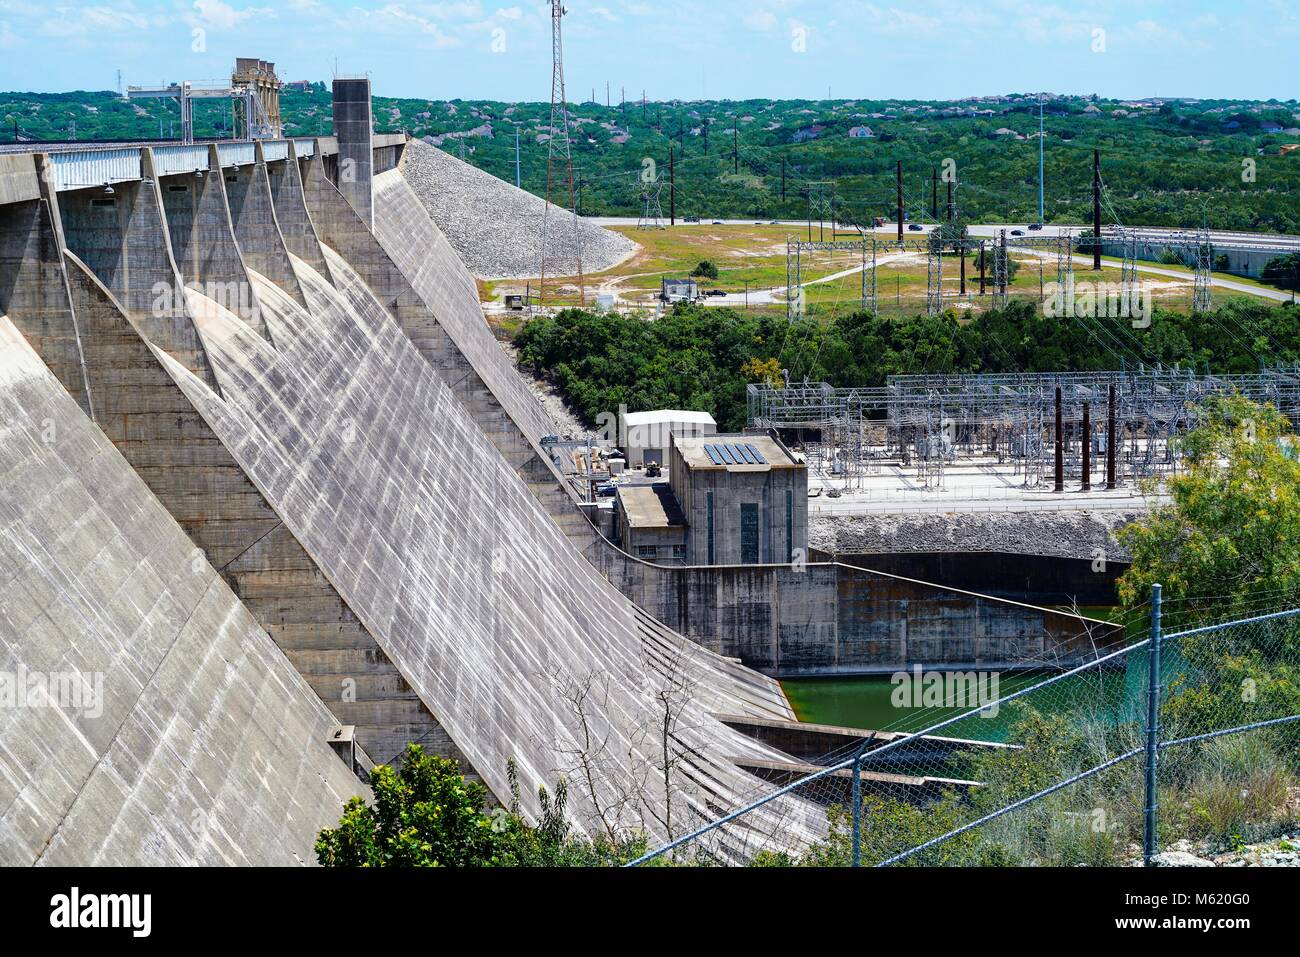 The Mansfield dam on Lake Travis was built to help control flooding and generate hydroelectric power for the area near Austin Texas. Stock Photo
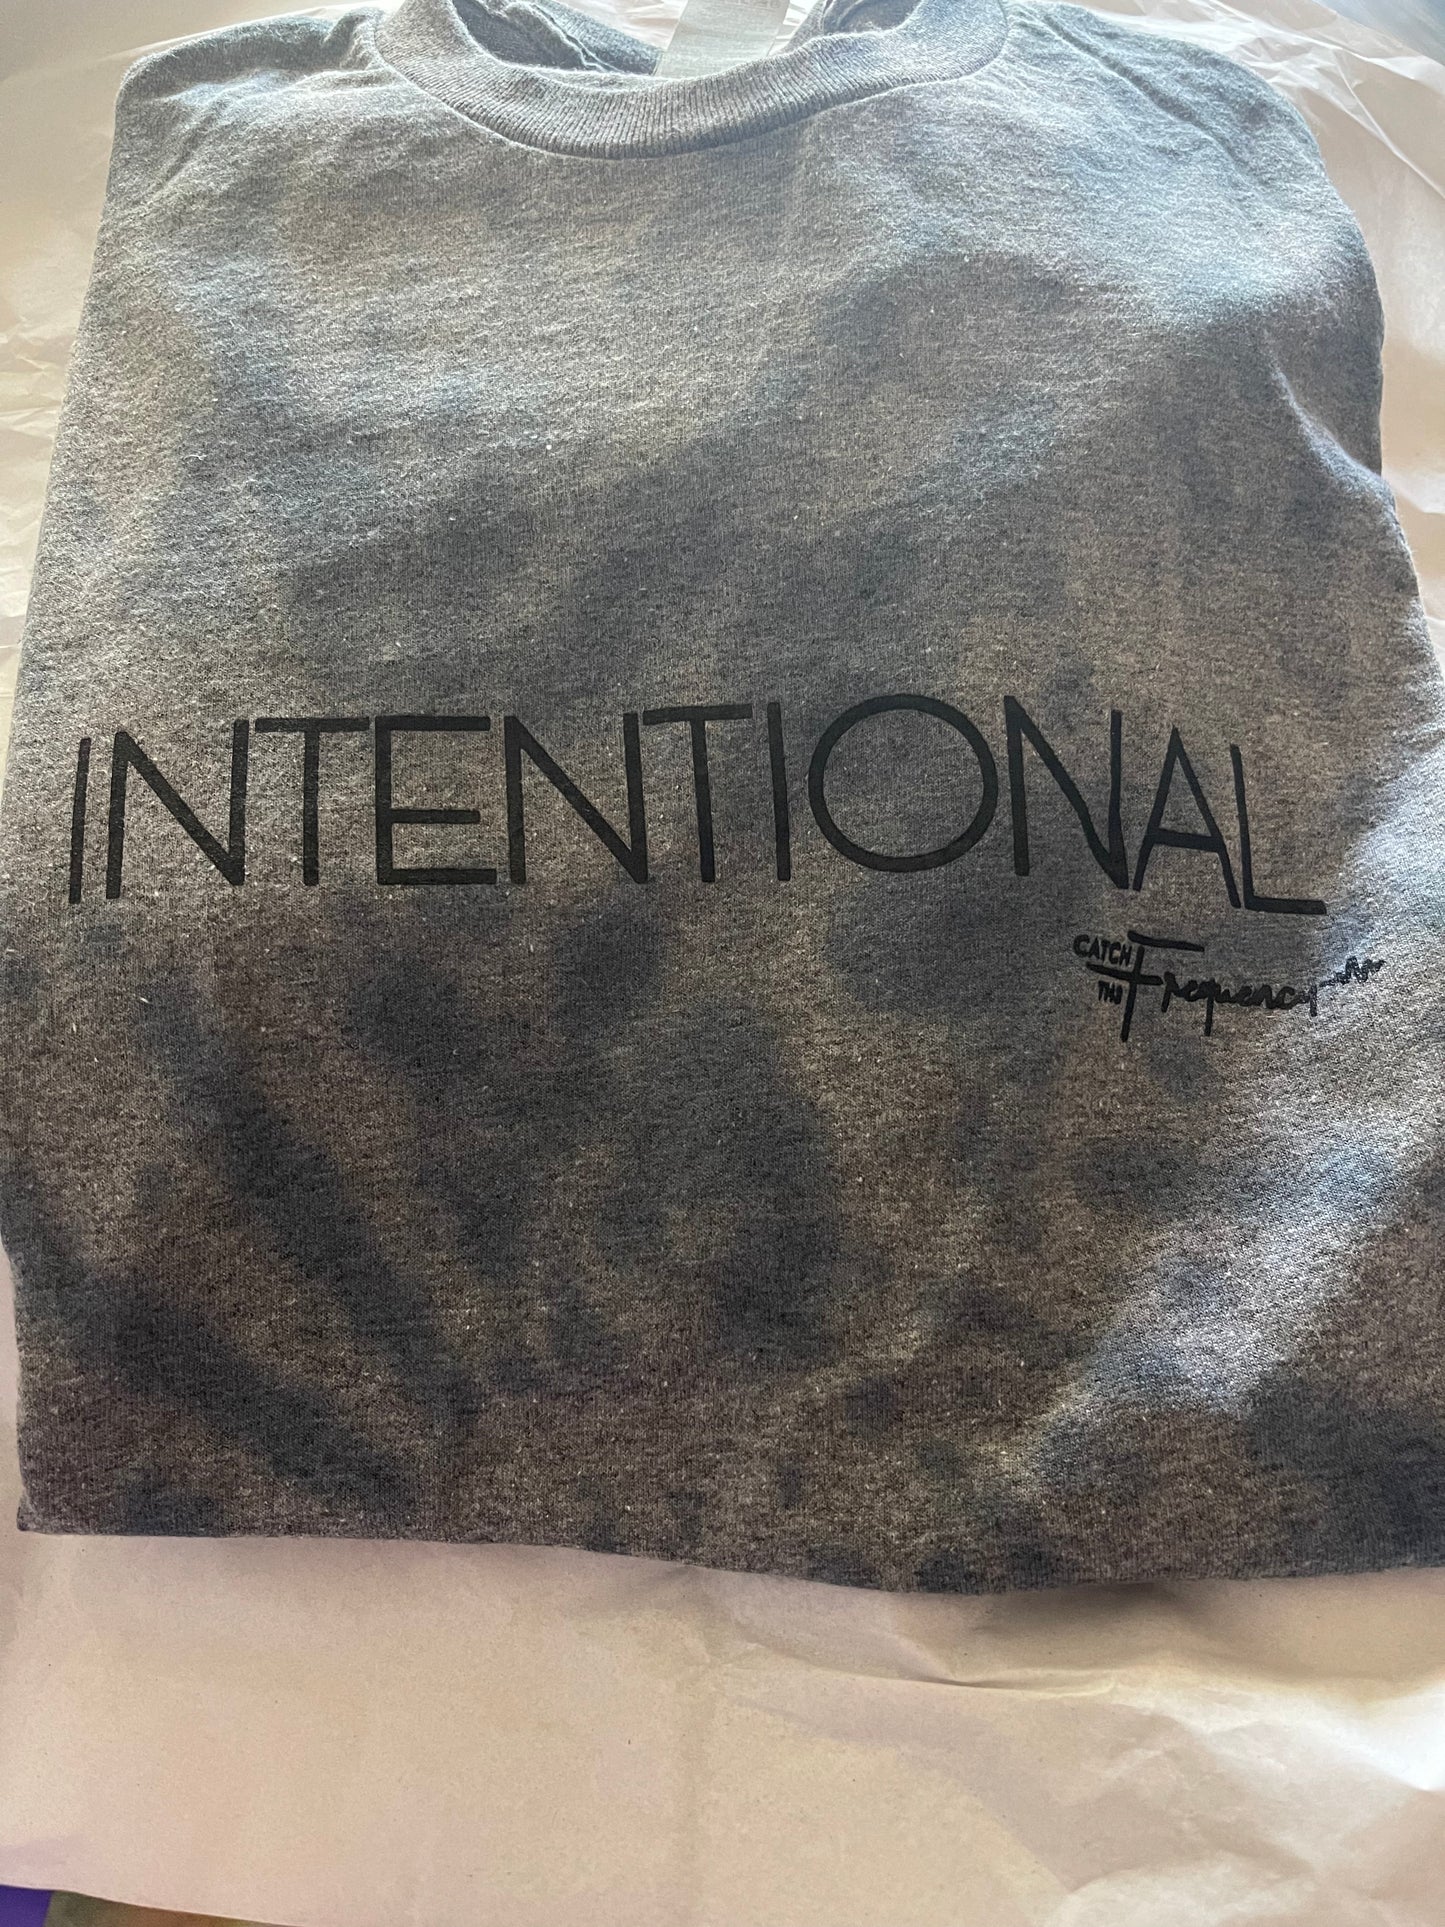 th3 intention (short sleeve)
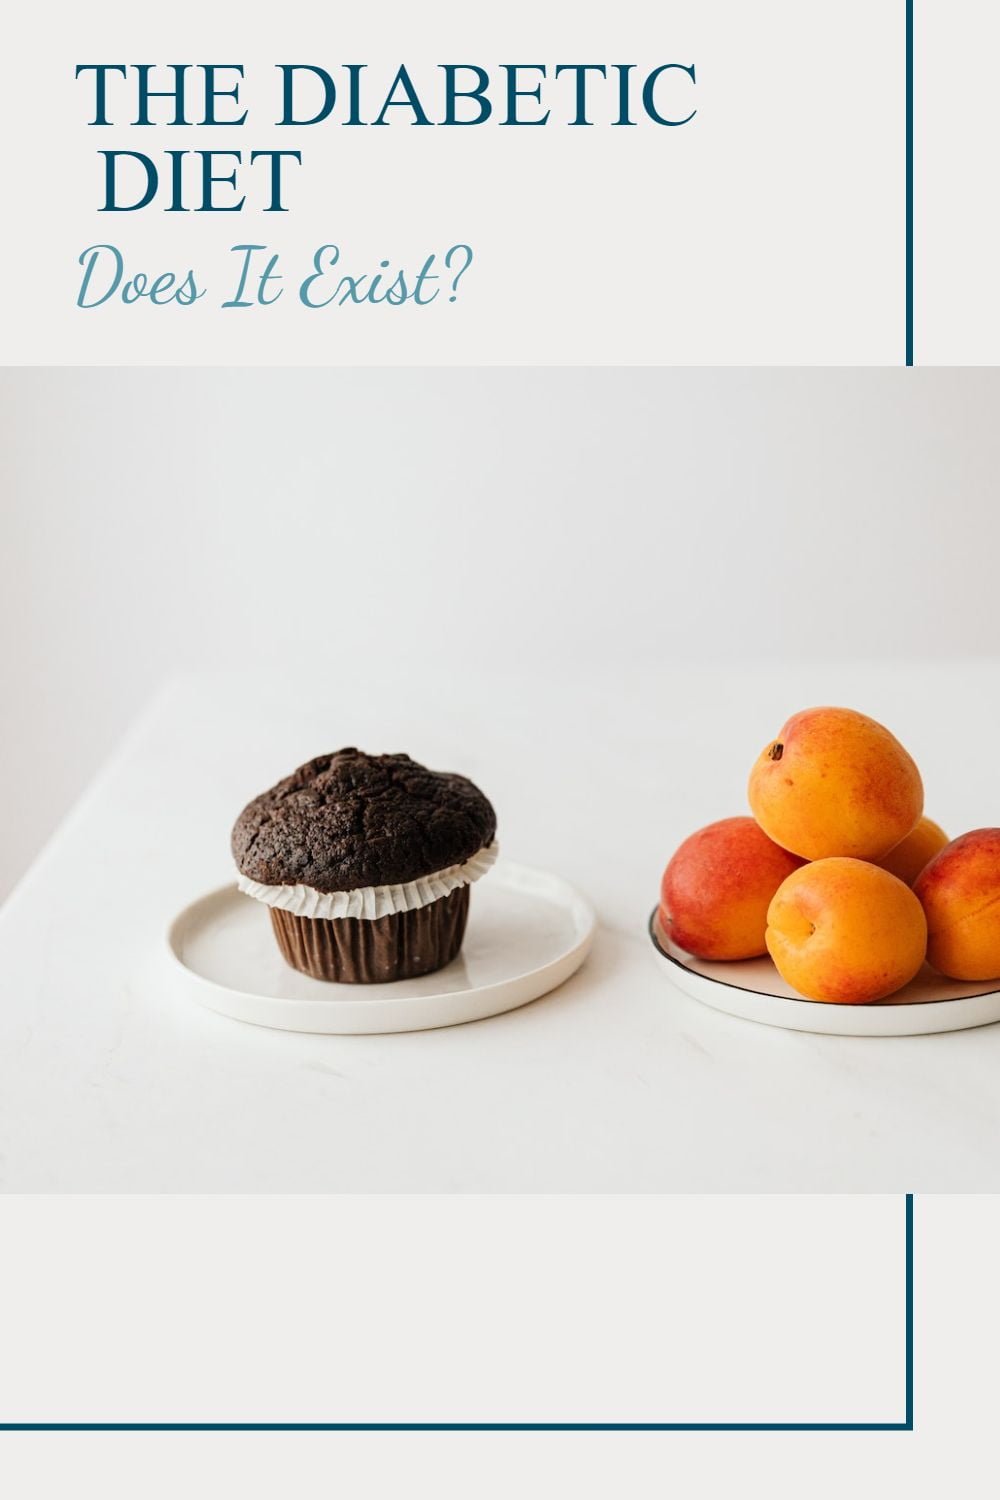 picture of a muffin and fruit to represent the diabetic diet
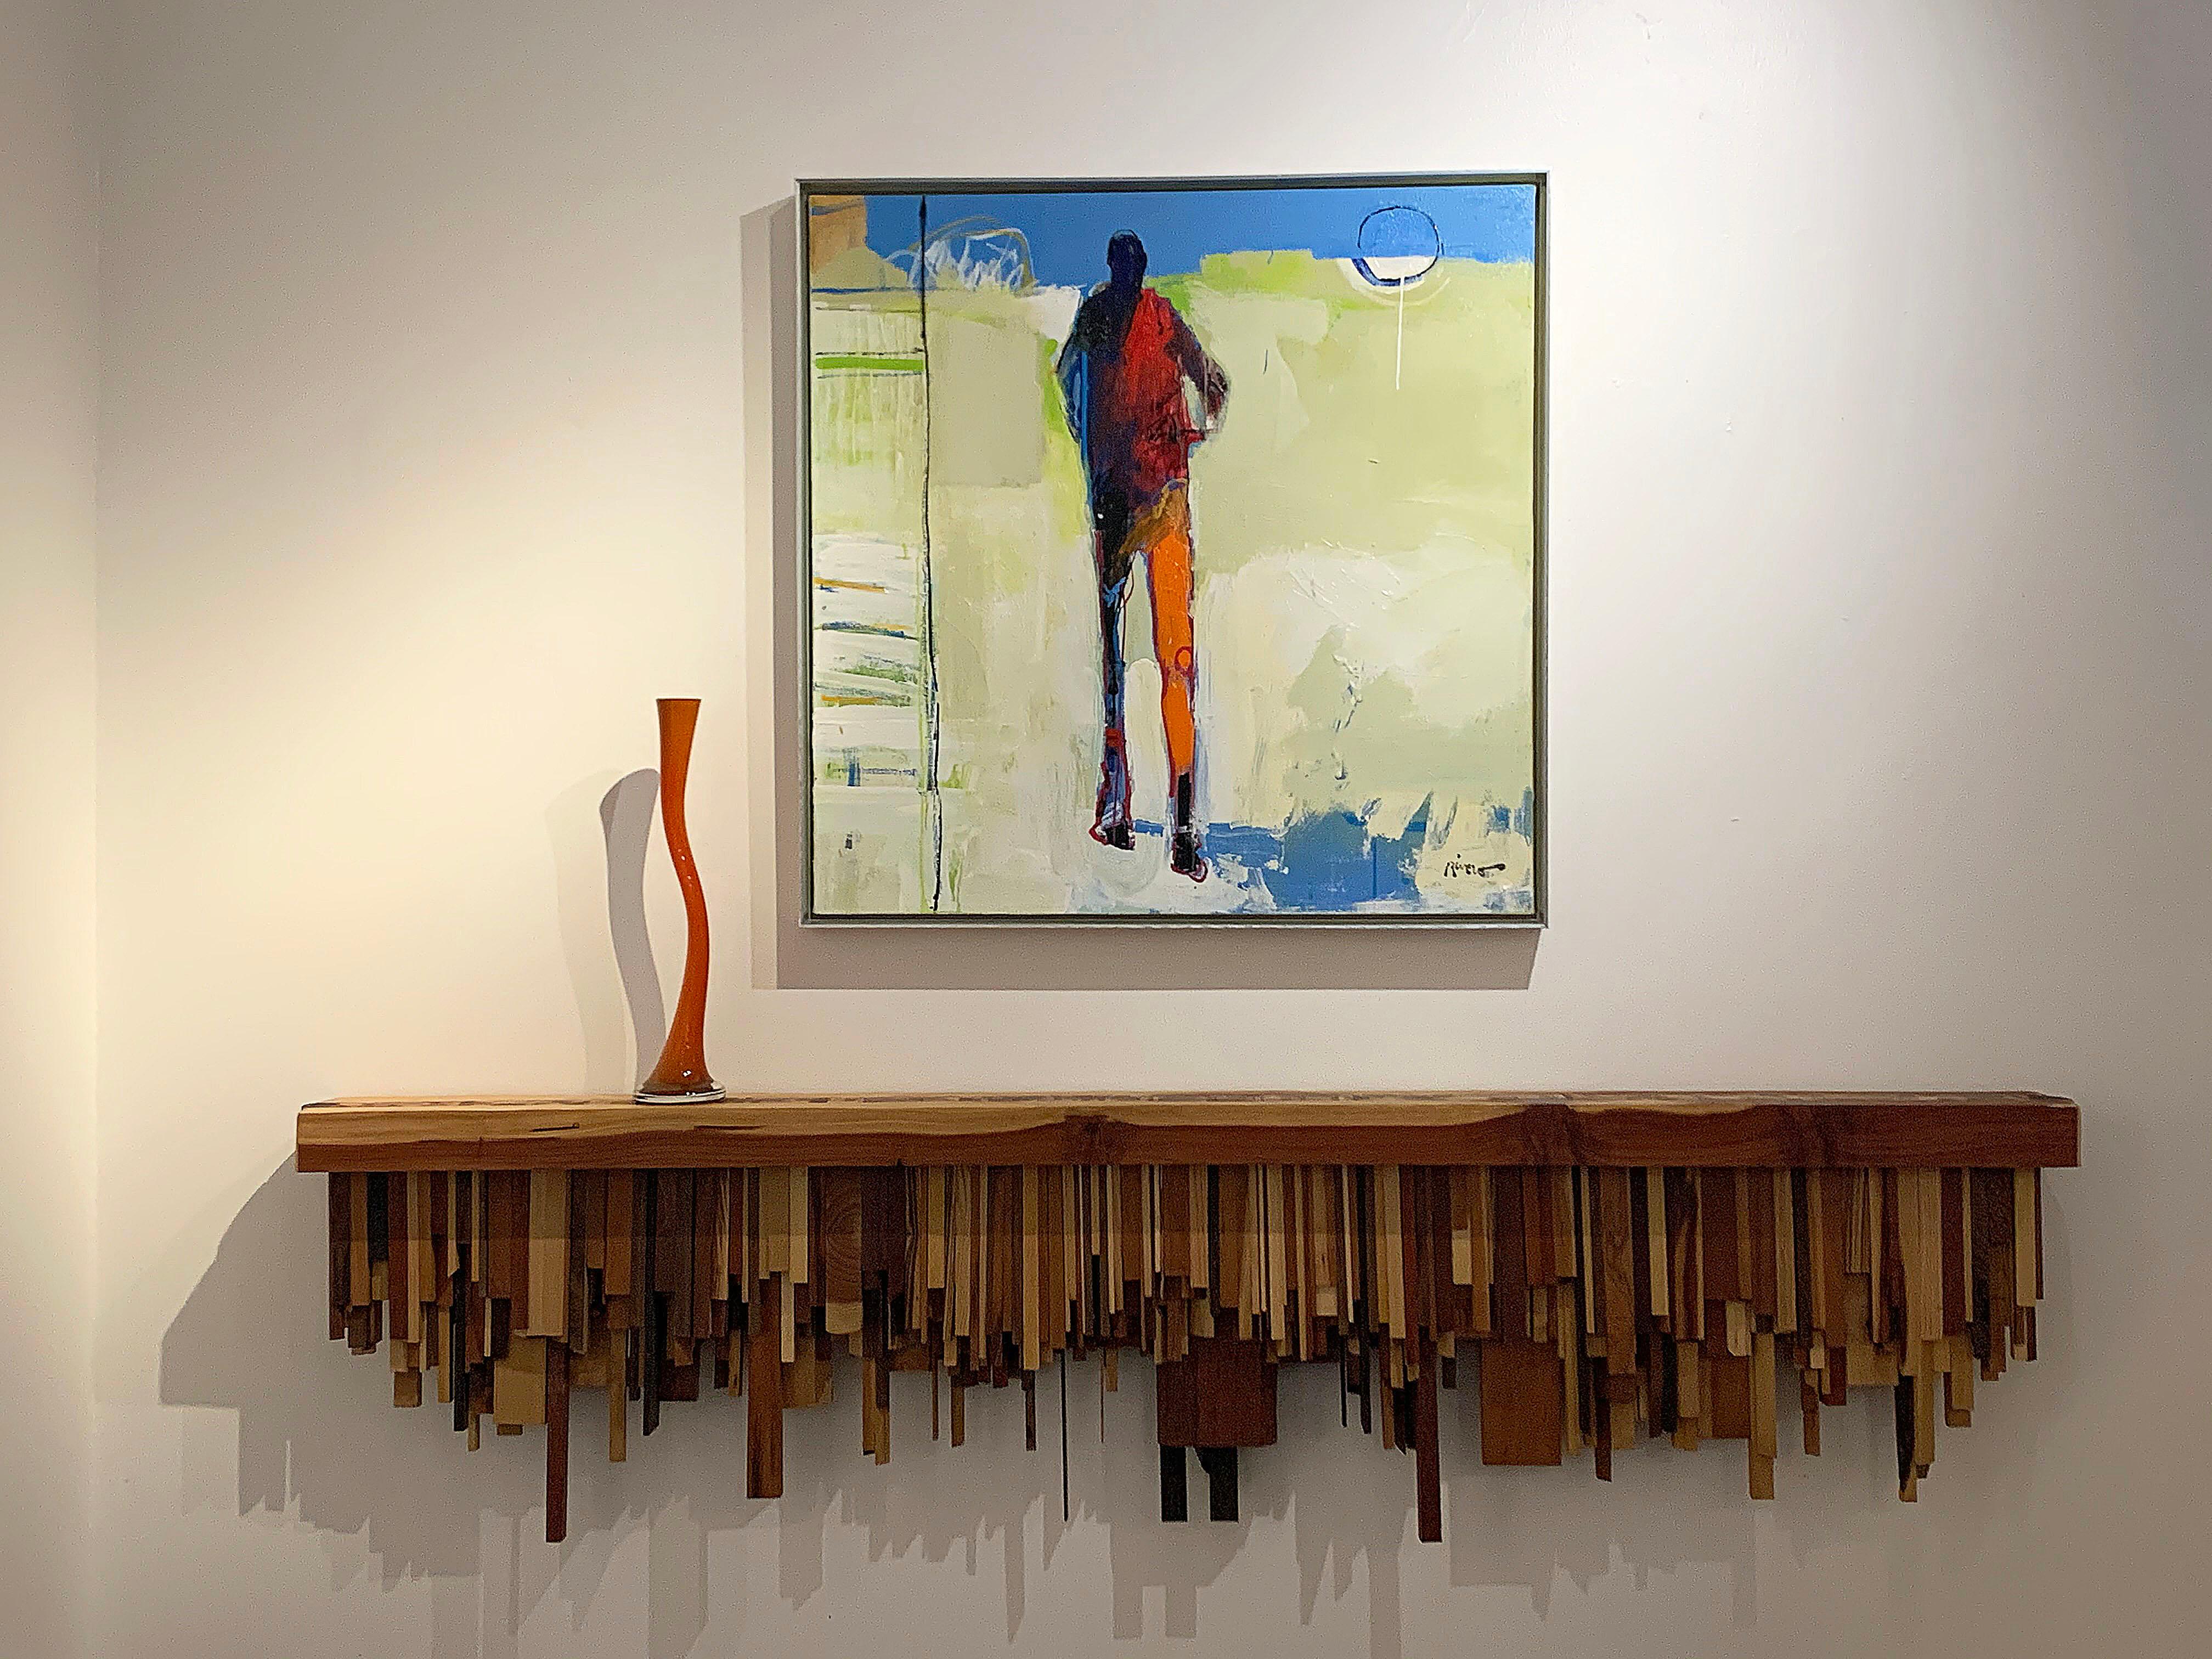 Mixed-media Long Mixed Wood Cityscape Shelf or Mantel by Artist Ben Darby, 2019 6

▶ What you will do: Please write out the whole listing exactly, but not the pictures in it.

▶ Result of the exercise:
 The Mansfield dam on Lake Travis was built to help control flooding and generate hydroelectric power for the area near Austin Texas. Stock Photo
 th3 intention (short sleeve)
 picture of a muffin and fruit to represent the diabetic diet
 Mixed-media Long Mixed Wood Cityscape Shelf or Mantel by Artist Ben Darby, 2019 6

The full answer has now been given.